Keyword research has been a bit
of a guessing game because no one has had hard data on the numbers delivered by
Google until this week.
Google has modified their external AdWord keyword research
tool so that it now shows search numbers for the previous month AND the
average per month volume for the previous 12 months.
Until this change was made, that
tool was an interesting toy that left you guessing because it didn't show any
hard numbers.
This change is HUGE.
One of my mentors pointed out
that data hit the streets within the last 6 months that revealed that the
number 1 position in Google for any search term nets you approximately 45
percent of the clicks from organic searches on ANY phrase.
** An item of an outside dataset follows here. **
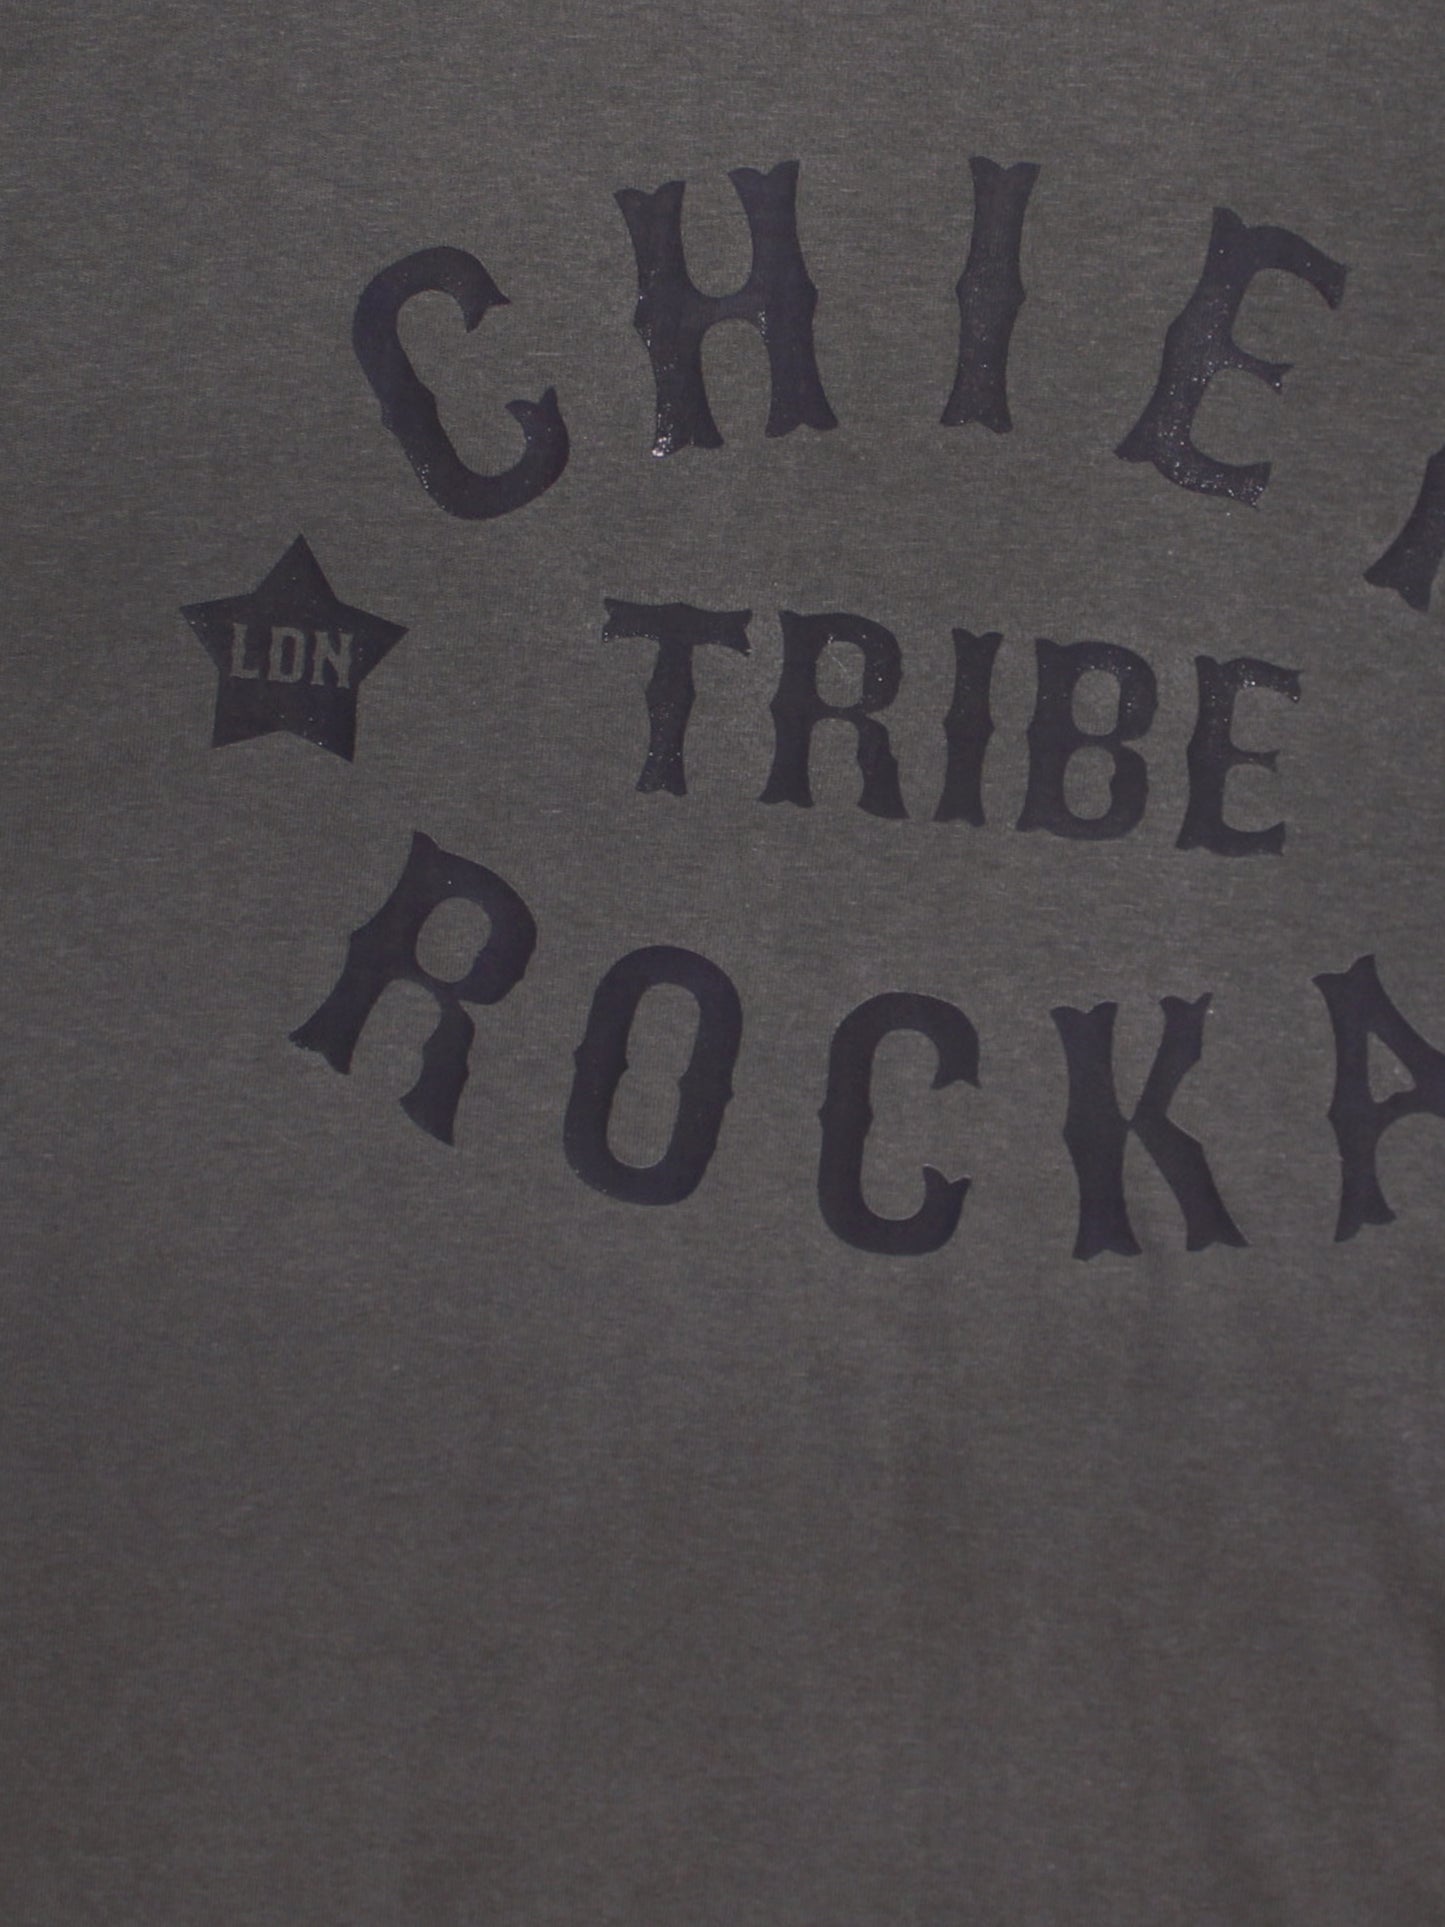 'Tribe' Classic T-Shirt Dark Shadow

Let's say a phrase is searched
100,000 times a month. You would receive about 45,000 clicks if you had the 1st
position in the organic results.
The percentage of the visitors'
received drops as your position in the SERPs drops but the percentages are
constant across ALL search terms.
Now that hard numbers have been
revealed, you know EXACTLY what kind of traffic you can expect for any given
phrase you research BEFORE you actually start testing it and optimizing for it.
Note: I've read on an article written by Jerry West on John Cow's blog that his actual data
(as reported by Google Analytics) is showing the results displayed on the external AdWord keyword research
tool are inflated by a factor of 2. I do not doubt Jerry's data but I've
noticed no two stat gathering programs record the same data even from the same
source at the same time.
The numbers shown on thee Google
AdWord keyword research tool also show PPC users which phrases will fail BEFORE
they spend a penny testing BECAUSE they have the actual search numbers to work
with.
My experience in organic search
results has taught me I receive more traffic faster when my pages target
keyword phrases that have fewer than 100,000 competing pages. An associate of
mine uses PPC and her results have shown her that PPC needs a large number of searches
to work for her.
Anyone that fails now that hard
numbers have been revealed has to blame their ads, website content and their
inability to use the powerful tool Google has just given us.